Ce décret modifie les contrats types de location afin d’intégrer de nouvelles mentions relatives aux clauses résolutoires, aux coordonnées des parties et, le cas échéant, à l’obligation de résidence principale de certains logements. Il adapte également les règles applicables au maintien des aides personnelles au logement en cas d’impayés. Les dispositions entrent en vigueur le 1er octobre 2026 pour les contrats conclus ou renouvelés à compter de cette date et, pour les mesures relatives aux aides au logement, le 1er janvier 2027.

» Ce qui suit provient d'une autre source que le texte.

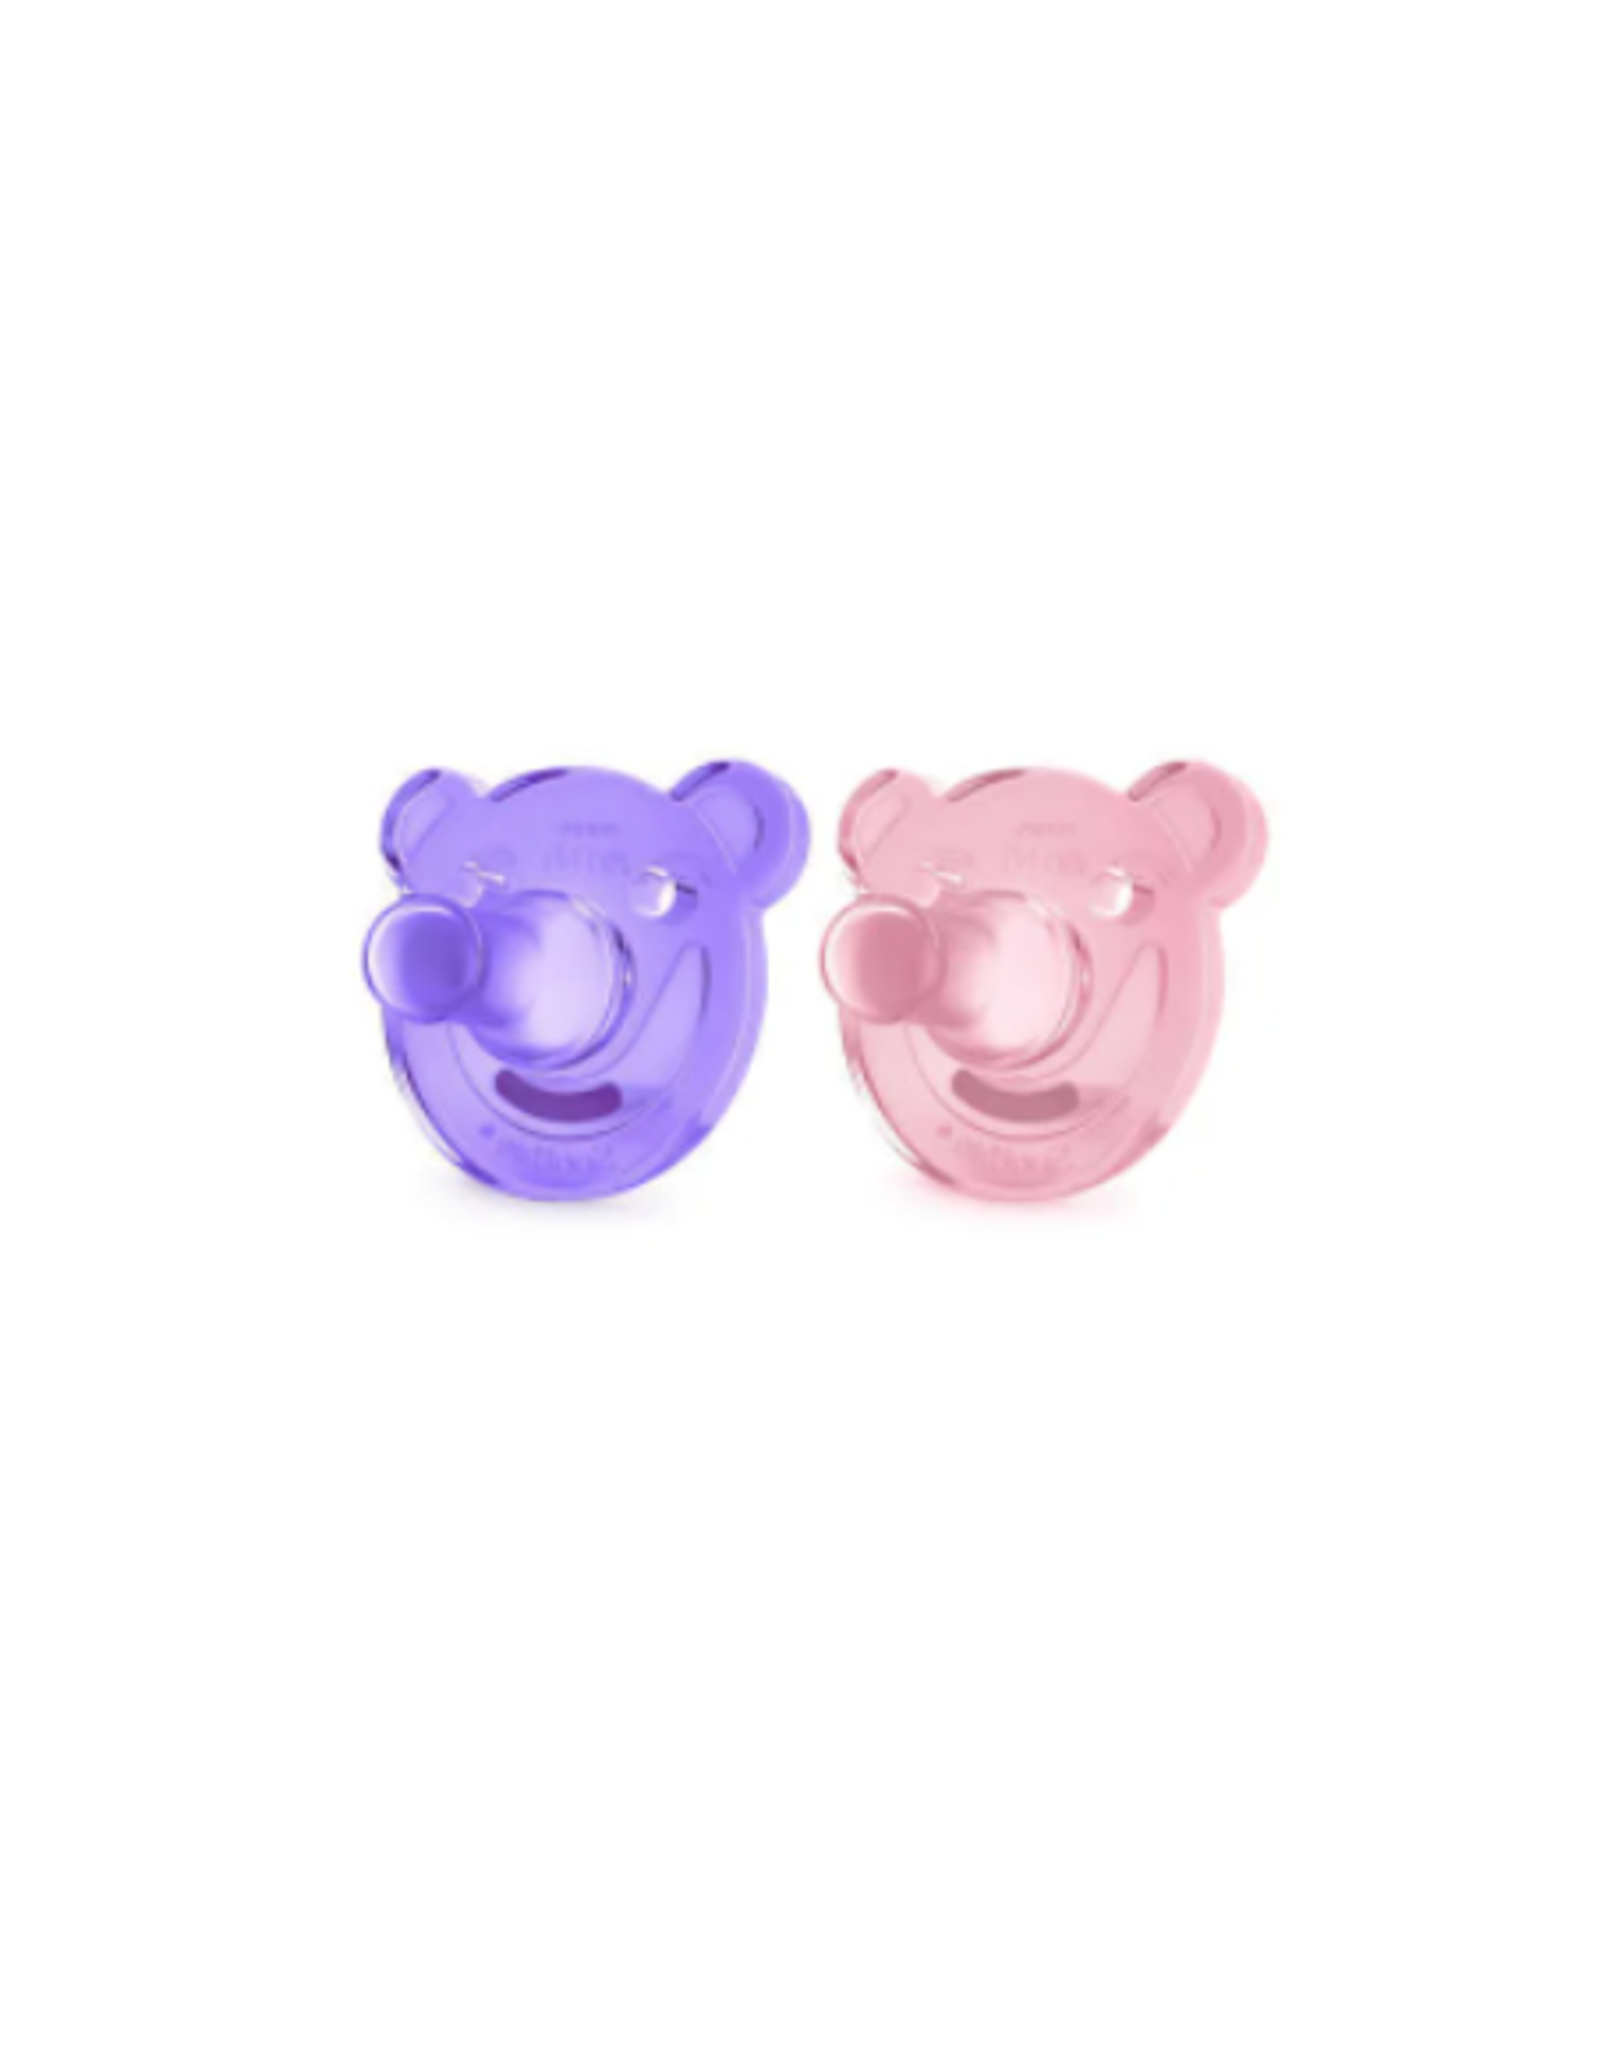 Philips AVENT Soothie Shapes Pacifier 0-3m 2pk, Purple/Pink One Size

  • Décret n° 2026-644 du 20 juillet 2026 relatif à l’évolution de certains loyers dans le cadre d’une nouvelle location ou d’un renouvellement de bail 

Ce décret reconduit, du 1er août 2026 au 31 juillet 2027, le dispositif d’encadrement de l’évolution des loyers applicable dans les zones tendues lors d’une nouvelle location ou d’un renouvellement de bail, conformément à l’article 18 de la loi du 6 juillet 1989.

Veille
  • Publication de l’IRL du deuxième trimestre 2026 

L’Insee a publié l’indice de référence des loyers du deuxième trimestre. Il s’établit à 148,37, soit une augmentation de 1,15 % sur un an. L’indice spécifique est fixé à 146,94 dans les collectivités ultramarines concernées et à 146,22 en Corse.

  • Logements vacants : la Ville de Paris adopte une surtaxe pour remettre 20 000 biens sur le marché

Afin d’inciter les propriétaires de logements vacants à remettre leur bien sur le marché locatif, le Conseil de Paris a adopté le projet d’application d’une surtaxe sur ce type de logements.